Disclaimer: The findings of the following analysis are the sole opinions of the writer and should not be taken as investment advice
Litecoin’s price has seen a bit of volatility over the past two months. However, its price has been fairly rangebound too, with the altcoin failing on multiple occasions to go past the $240-price range. This was the case over the past week as well, with the cryptocurrency relying on its immediate level of support to stabilize its price.
At the time of writing, LTC was trading at $203.5 with a market capitalization of $13.6 billion. While the coin registered a marginal 3 percent gain over the last 7 days, its 24-hour price action seemed to suggest that a trend reversal may be soon incoming.
Litecoin 1-day chart
Over the course of the past two months, LTC has traded between its resistance at $243 and its second level of support at $153. The coin failed to breach this resistance earlier in the week and has seen history repeat itself, relegating LTC’s price to the $200-range.
The coin, at press time, was being held by the support at $193, and given the build-up of bearish momentum, it may even head towards the second support at $159.
This would give traders with short positions a good opportunity to take advantage of.
Litecoin’s technical indicators painted a bearish picture for the coming week.

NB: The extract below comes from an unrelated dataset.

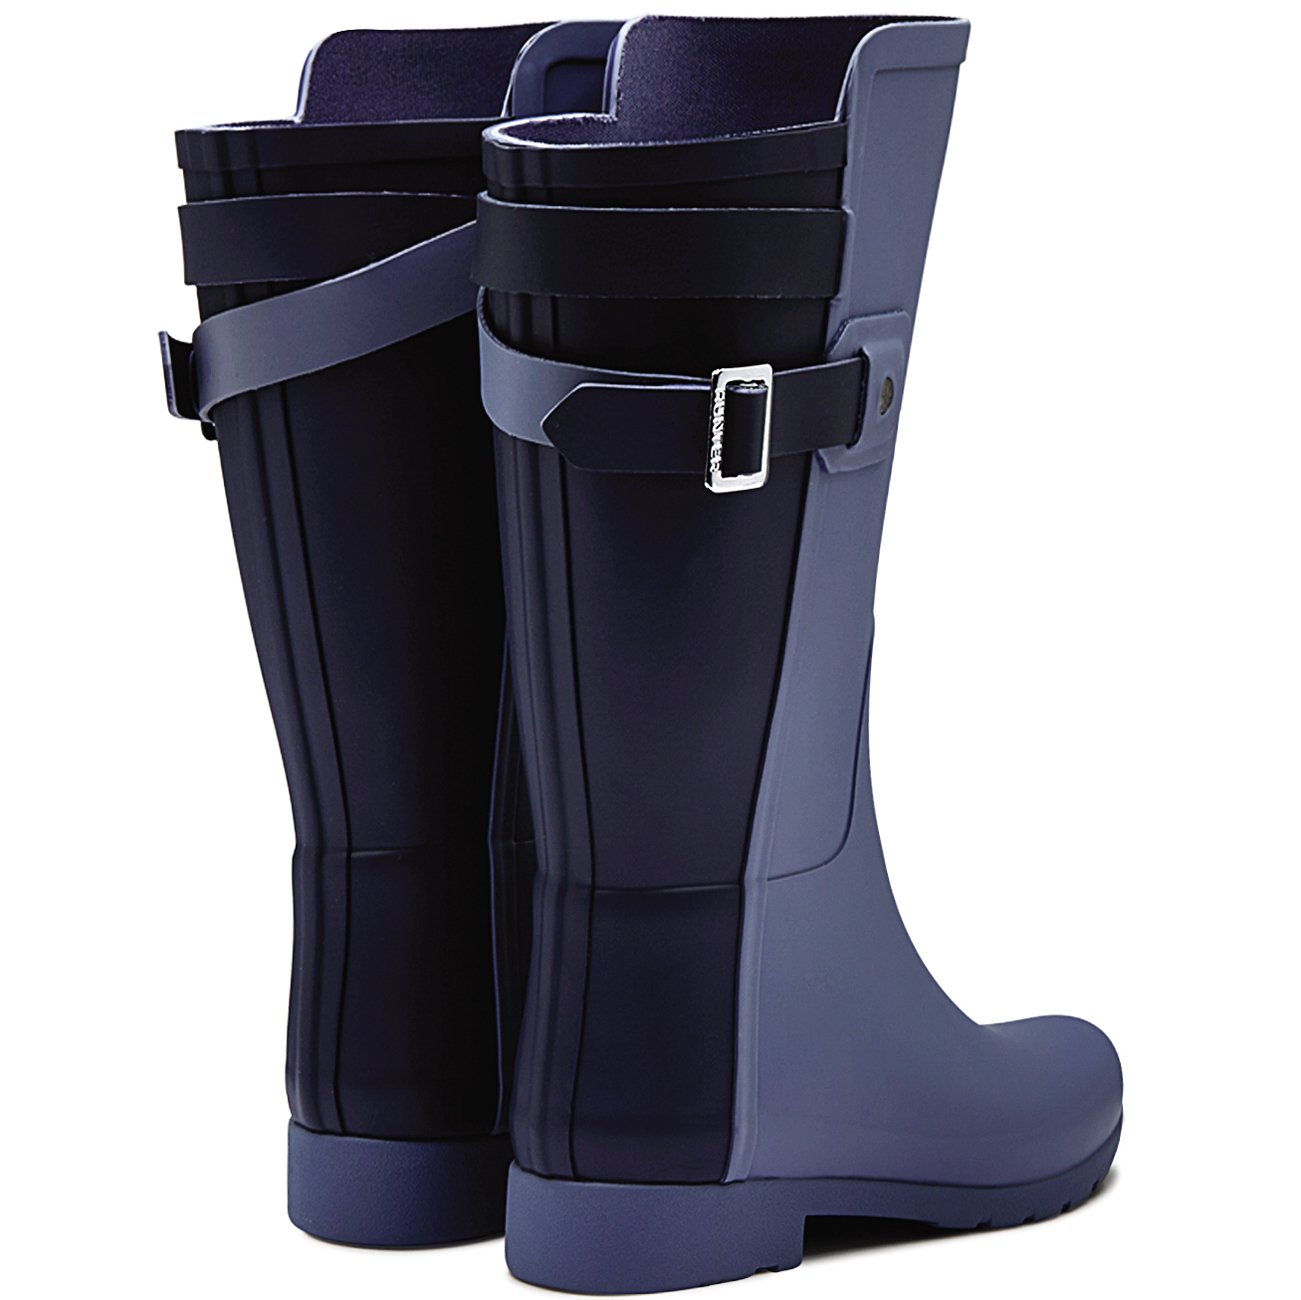 Womens Hunter Original Refined Back Strap Short Wellingtons Winter Boots B015SJCIH0 9 B(M) US Mineral Blue/Midnight

The RSI indicator was in the neutral zone, despite it dipping slightly towards the oversold zone.
The MACD indicator was also on the verge of a bearish crossover and if the Signal line goes well past the MACD line, then traders can expect a further dip in LTC’s price.
Important levels to watch out for
Support: $193, $157
Take Profit: $161
Stop Loss: $240
LTC may be on the verge of a trend reversal, with LTC likely to see a dip to the $157-range if the $193-support level fails. This would be true primarily because of the strong support range LTC has built up around its second support in the past, a level that can help stabilize LTC’s price if the bears take over the market.